Discussion in 'Visual Effect Graph' started by Sooly, Apr 19, 2023.

  1. Sooly

    Sooly

    Joined:
    Jan 28, 2021
    Posts:
    19
    As per title - I add Orient: Along Velocity to my Output Particle Mesh and particles are rotated to some strange cross-product of velocity and camera facing. Same setup works perfectly fine with Output Particle Line.
    It looks a bit as the meshes try to compensate for perspective and follow velocity vector in screen-space.
    Is it an expected behaviour and I should use Advanced or am I missing some additional setting?
    It's VFX Graph 10.10.1 in 2020.3.25f1.

    Recording of that behaviour: https://drive.google.com/file/d/1NbIFHdGFRIoh7NPhClkvLlnXvonfiYkx/view?usp=sharing
    Output setup:
    upload_2023-4-19_12-39-59.png
     
    Last edited: Apr 19, 2023
  2. Sooly

    Sooly

    Joined:
    Jan 28, 2021
    Posts:
    19
    Nevermind, I just realized I skipped a part of a sentence in the documentation. :)
    Can be closed.
     
    OrsonFavrel likes this.
  3. OrsonFavrel

    OrsonFavrel

    Unity Technologies

    Joined:
    Jul 25, 2022
    Posts:
    218
    Usually, to properly orient a Mesh, you need at least two vectors. A "Facing" vector and an "Alignment" vector.
    The "Orient along Velocity" is aligning the mesh along the "Velocity" but "Facing" is still relative to the viewPosition.
    This is usually what you'll want for Flat Billboard quad:

    The "Orient to Velocity" computed source code:

    axisY = normalize(velocity);
    axisZ = position - GetViewVFXPosition();
    axisX = VFXSafeNormalizedCross(axisY, axisZ, float3(1,0,0));
    axisZ = cross(axisX,axisY);


    So we need two vectors and the third one is going to be "derived" from those with a cross product by the "Orient Block":

    houdini_x8rbwvf9YZ.gif
    A Forward Vector (Blue) an Up Vector (Green) and side Vector (red) use to orient a mesh along a Path.

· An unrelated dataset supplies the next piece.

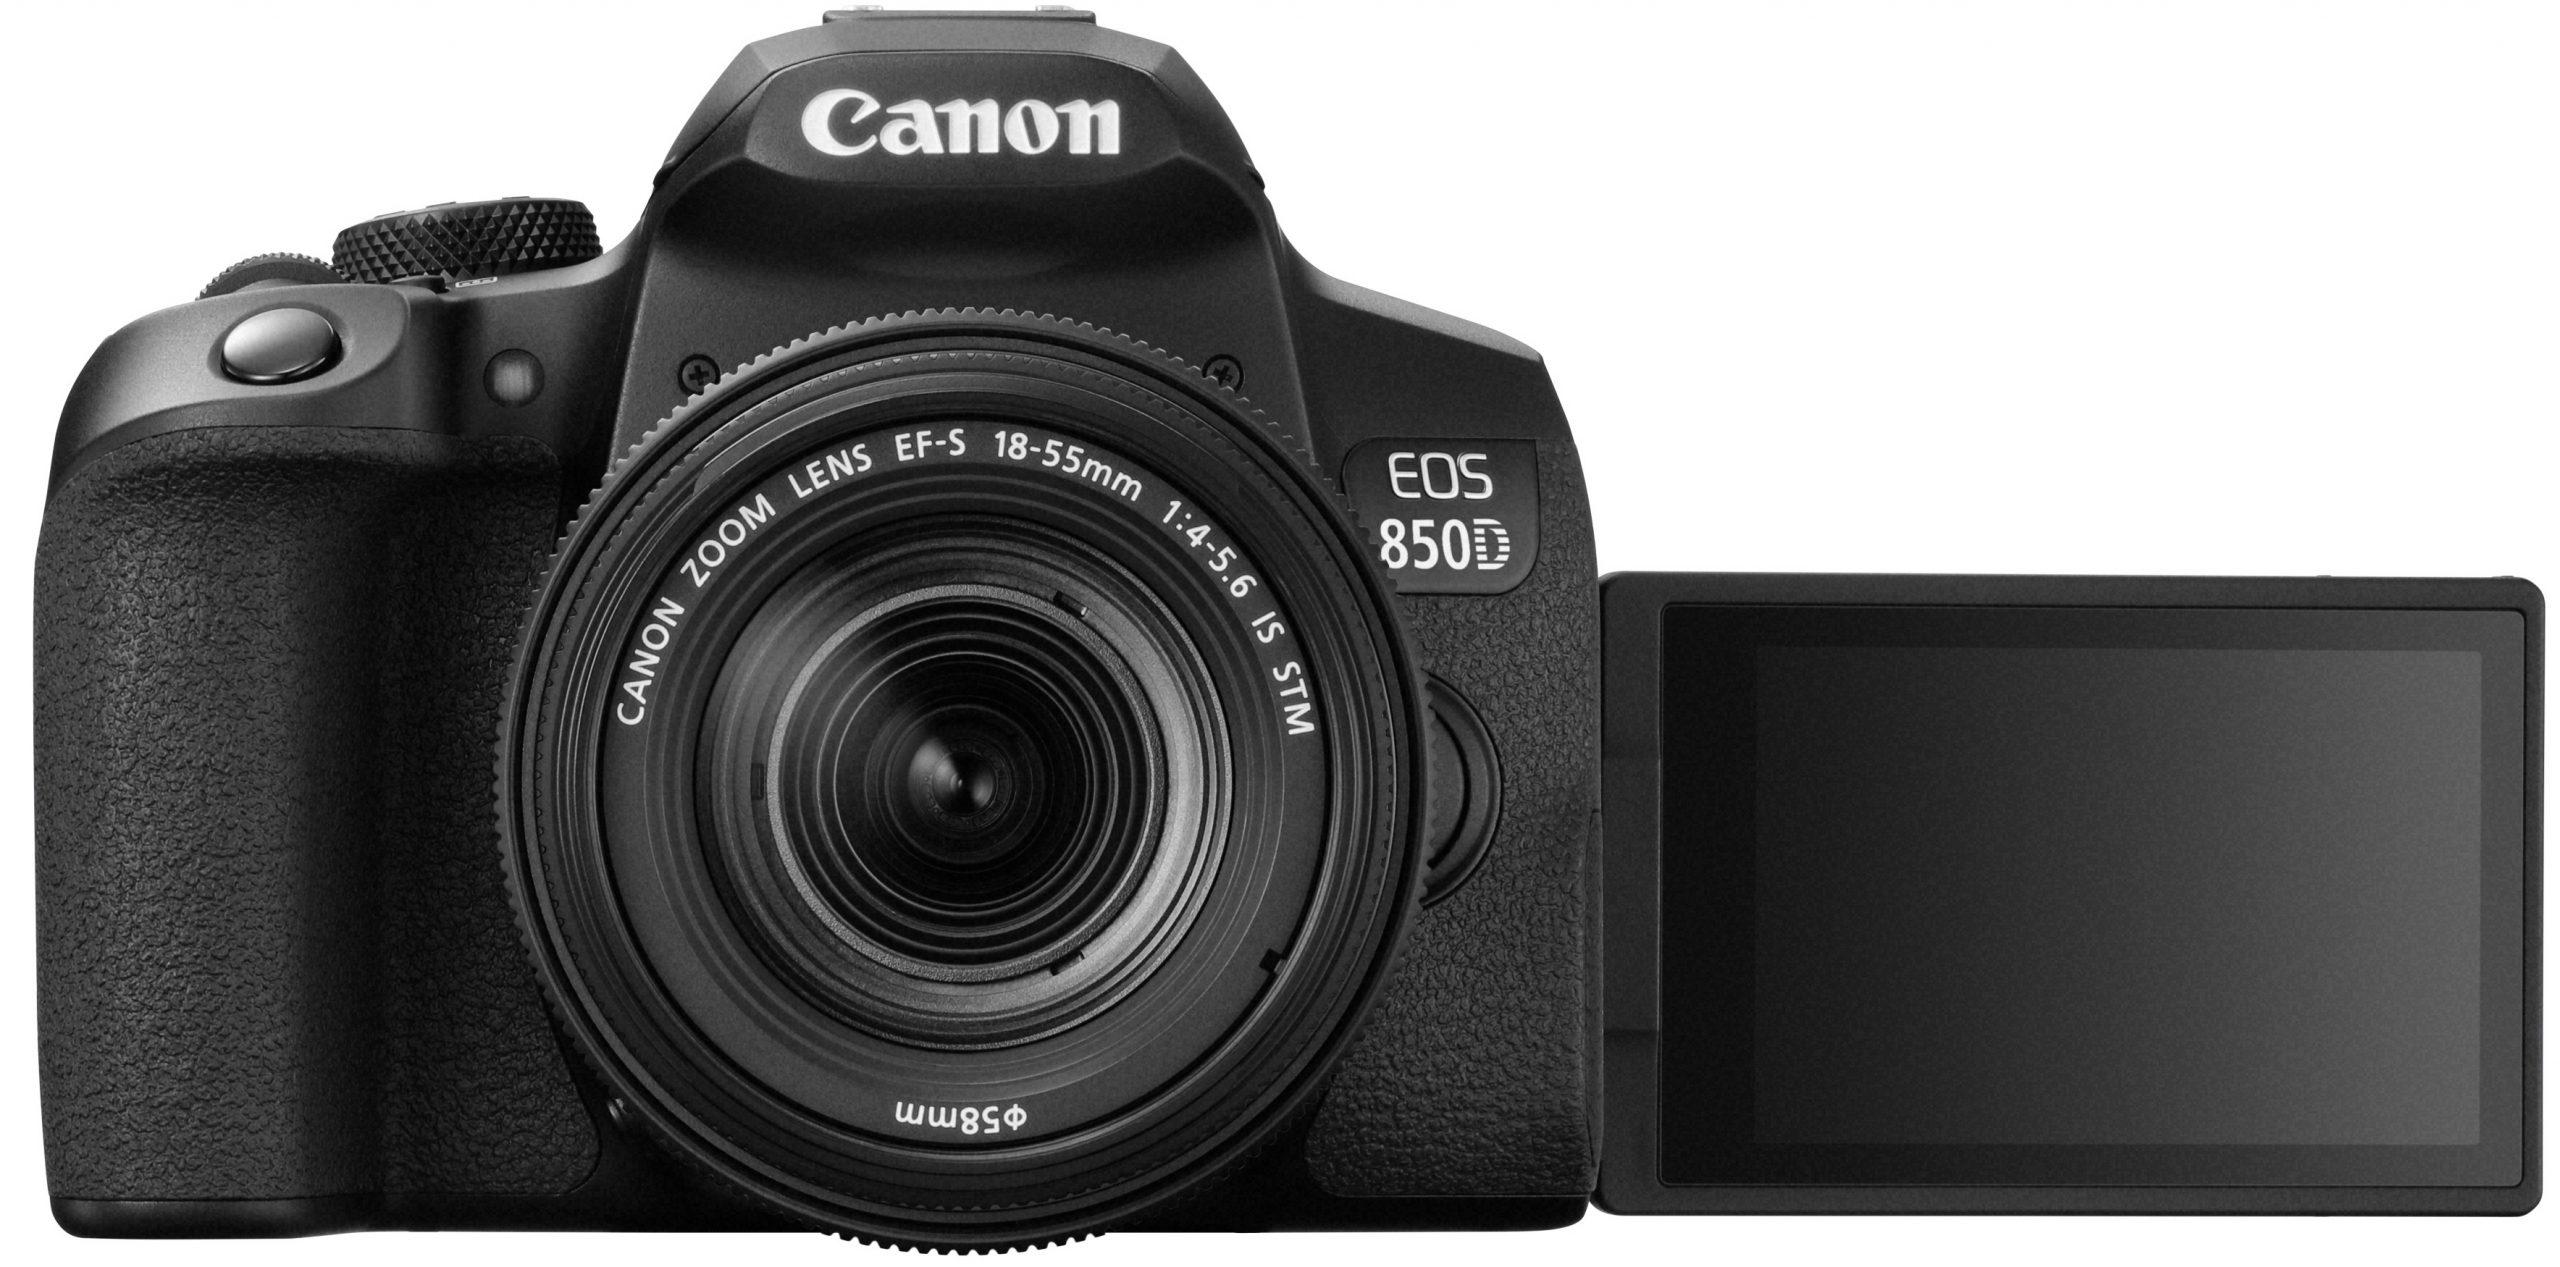 Canon-EOS-850D-EF-S18-55mm-F4-5.6ISSTM-LCD-OPEN-BK-FRT_tcm83-1944262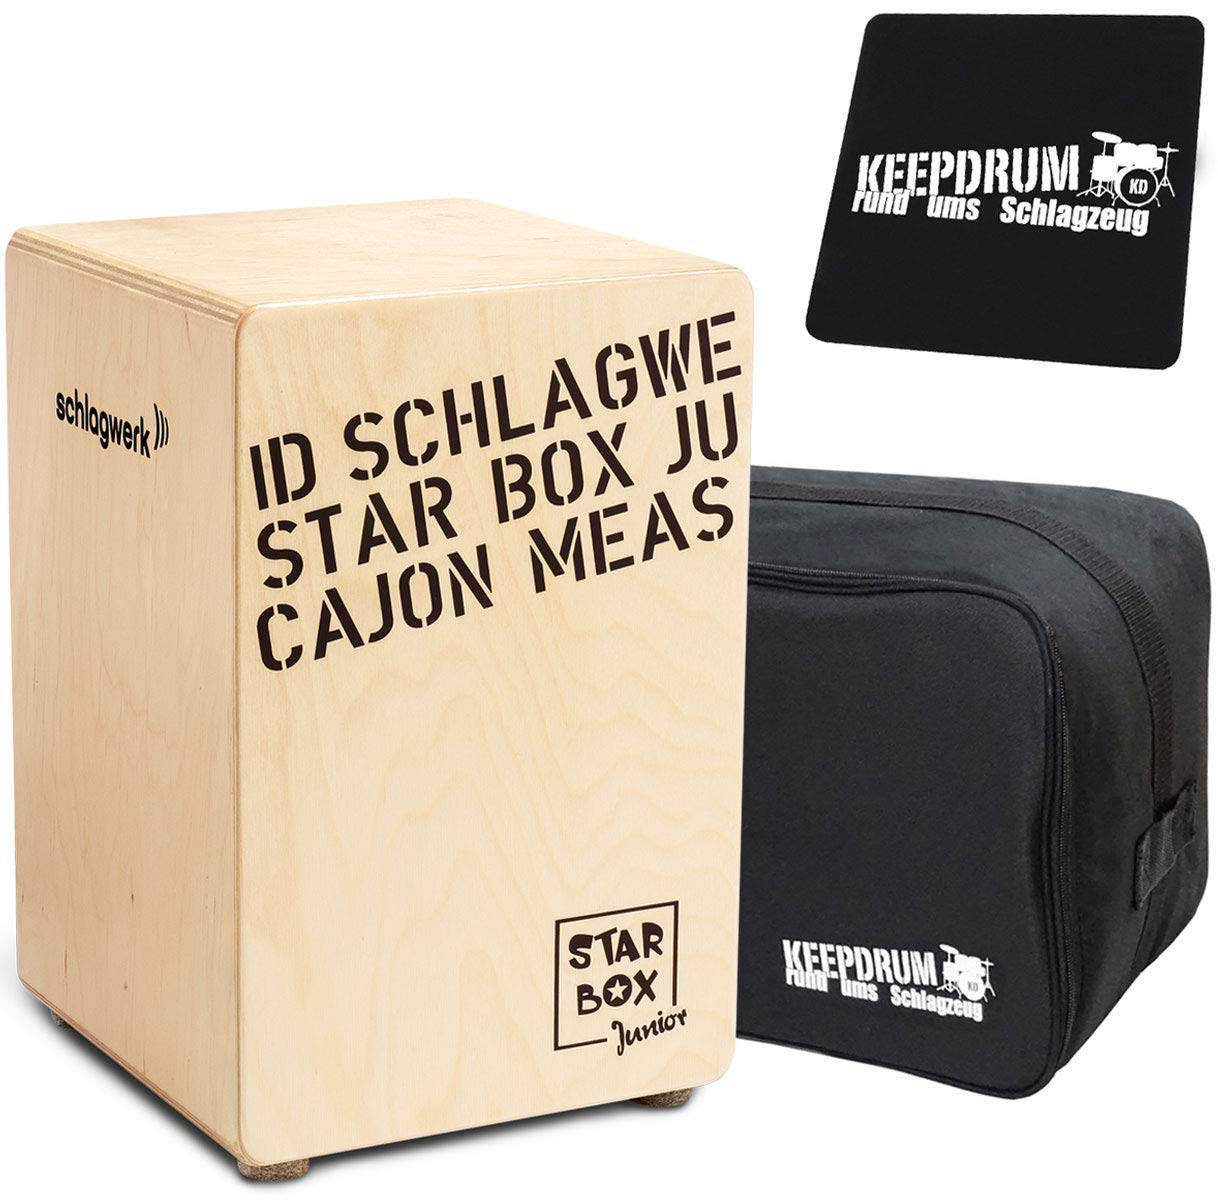 Schlagwerk CP400 SB Starbox Junior - Cajón de percusión para niños, incluye funda y almohadilla para asiento: Amazon.es: Instrumentos musicales

    So what you can do is use the "Orient Block" in Advanced mode. With my mesh initial Orientation, I'm using the XY axis. "Y" is corresponding to my particles "normalized" velocity and the "X" (side) is the Cross product between the "Normalized Velocity" and the World up (0,1,0).

    With this, I'm able to get a stable orientation for my ugly plane meshes:

    upload_2023-4-19_14-8-26.png

    Unity_SPhRMvjj4C.gif

    Hope that this will help you.
    Have a great day.

    edit: I guess that my answer took too long to write... Glad that you found an answer @Sooly :)
     
    Last edited: Apr 19, 2023
    Sooly likes this.
  4. Sooly

    Sooly

    Joined:
    Jan 28, 2021
    Posts:
    19
    Yep, but that explanation helps a lot either way, thanks a milion! That's a bit more elaborative than documentation and the flashy gifs there. :D
     
  5. Qriva

    Qriva

    Joined:
    Jun 30, 2019
    Posts:
    1,341
    One note, the solution above will obviously fail when vectors are collinear/parallel (velocity up/down in this case), so you would need to add safe check like Orson did previously here.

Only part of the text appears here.